TestHosts$Parasite.count <- round(TestHosts$Parasite.count) # Parasite counts should be integers

table(table(TestHosts$ID)) # Enough repeat samples for a mixed model?

We need to make sure that there are enough repeat samples of specific individuals. Table will count up how many of them there are, and using table(table()) is a quick way to show the distribution of repeat sampling. Looks like we have enough repeat samples for a mixed effect model!

INLA works like many other statistical analysis packages, such as lme4 or MCMCglmm. If you run the same simple models in these packages, it should get similar results.

Plot the sampling locations in space. As they are trapped in a grid formation, make sure they are jittered.

# Setting up a custom theme
THEME <- theme(axis.text.x = element_text(size = 12,colour = "black"),
               axis.text.y = element_text(size = 12, colour = "black"),
               axis.title.x = element_text(vjust = -0.35),
               axis.title.y = element_text(vjust = 1.2)) + theme_bw()

(samp_locations <- ggplot(TestHosts, aes(Easting, Northing)) + 
	geom_jitter(aes(colour = factor(Grid))) + coord_fixed() + 
	THEME + 
	labs(colour = "Grid"))

Recall that putting your entire ggplot code in brackets () creates the graph and then shows it in the plot viewer. If you don’t have the brackets, you’ve only created the object, but haven’t visualized it. You would then have to call the object such that it will be displayed by just typing samp_locations after you’ve created the “samp_locations” object.
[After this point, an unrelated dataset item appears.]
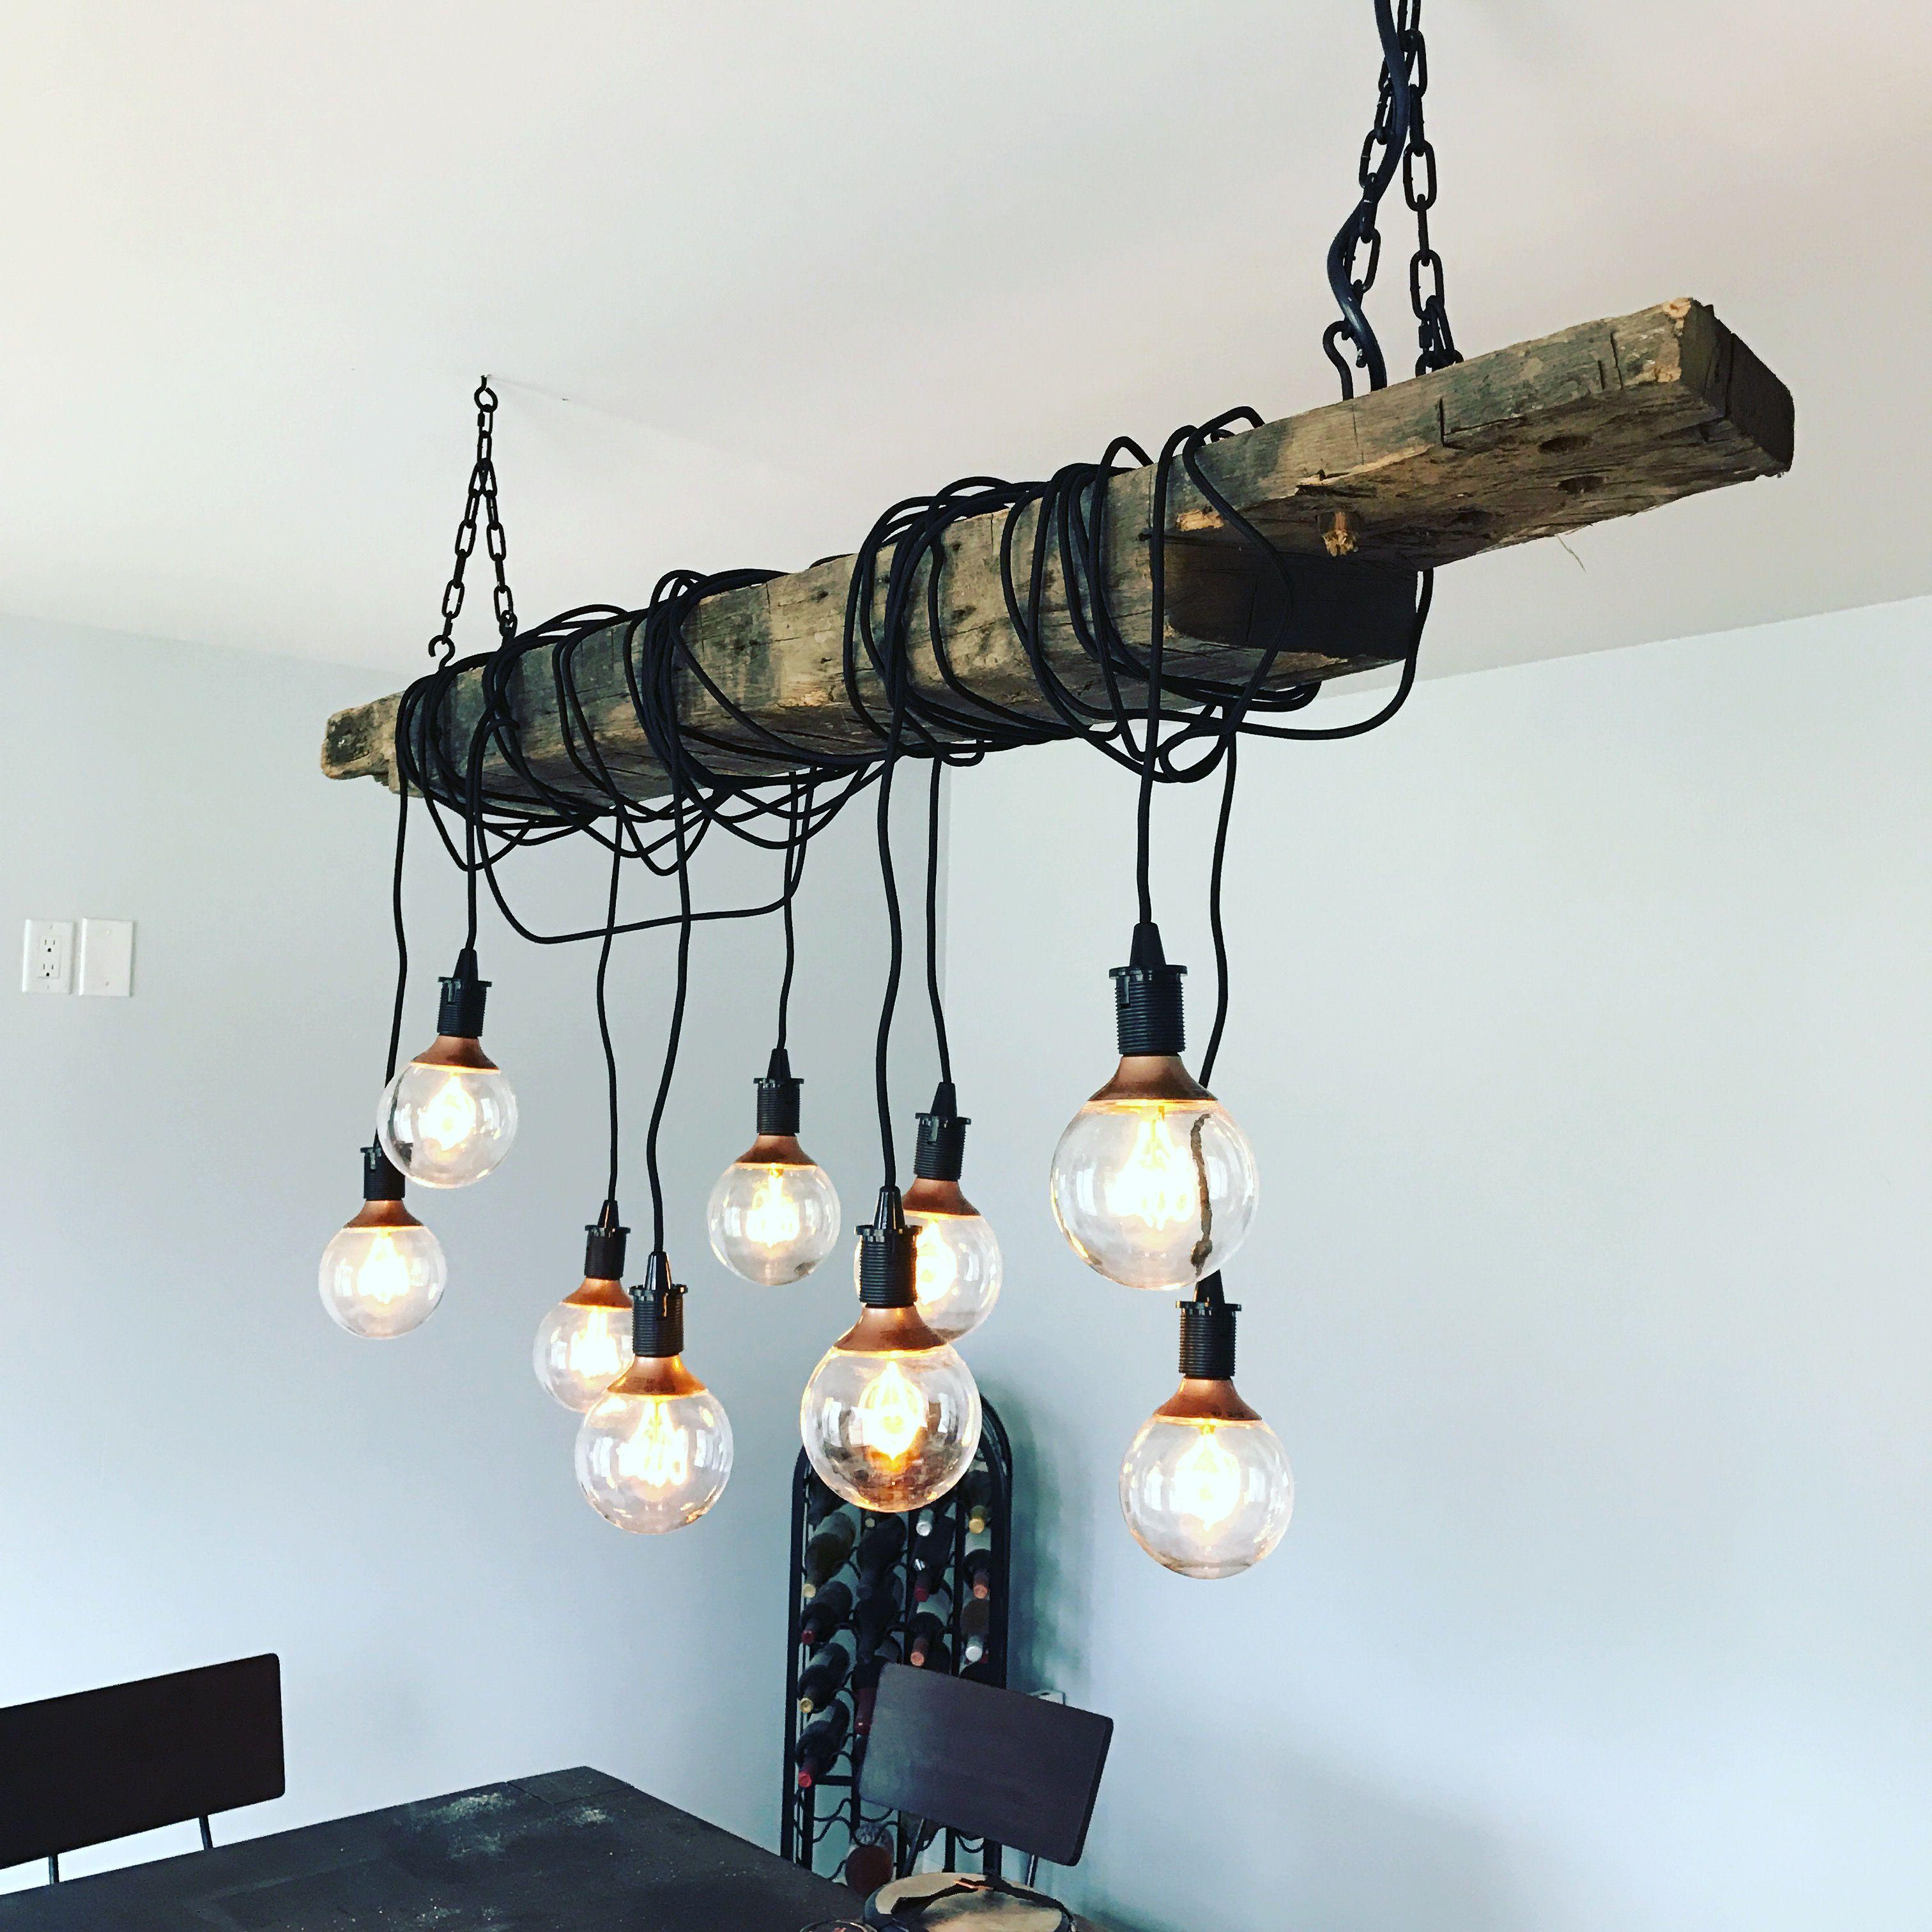 Barn wood beam chandelier Great diy weekend project

Grid map of point locations in space

How often are different individuals trapped on different grids?

length(unique(TestHosts$ID))

table(with(TestHosts, tapply(Grid, ID, function(x) length(unique(x)))))

Not much moving around! Looks like individuals tend to stay on the same grid.

2. Perform model selection in INLA

Model selection is a method that reduces the amount of covariates that are included in the data to stop overfitting. This will increase the generality of your models, and is good practise!

First, we will set up a full analysis using all the covariates that we reckon will influence the data. As I’ve said above, you can use INLA like any other modelling package, but here I’m going to use formula specification before the models.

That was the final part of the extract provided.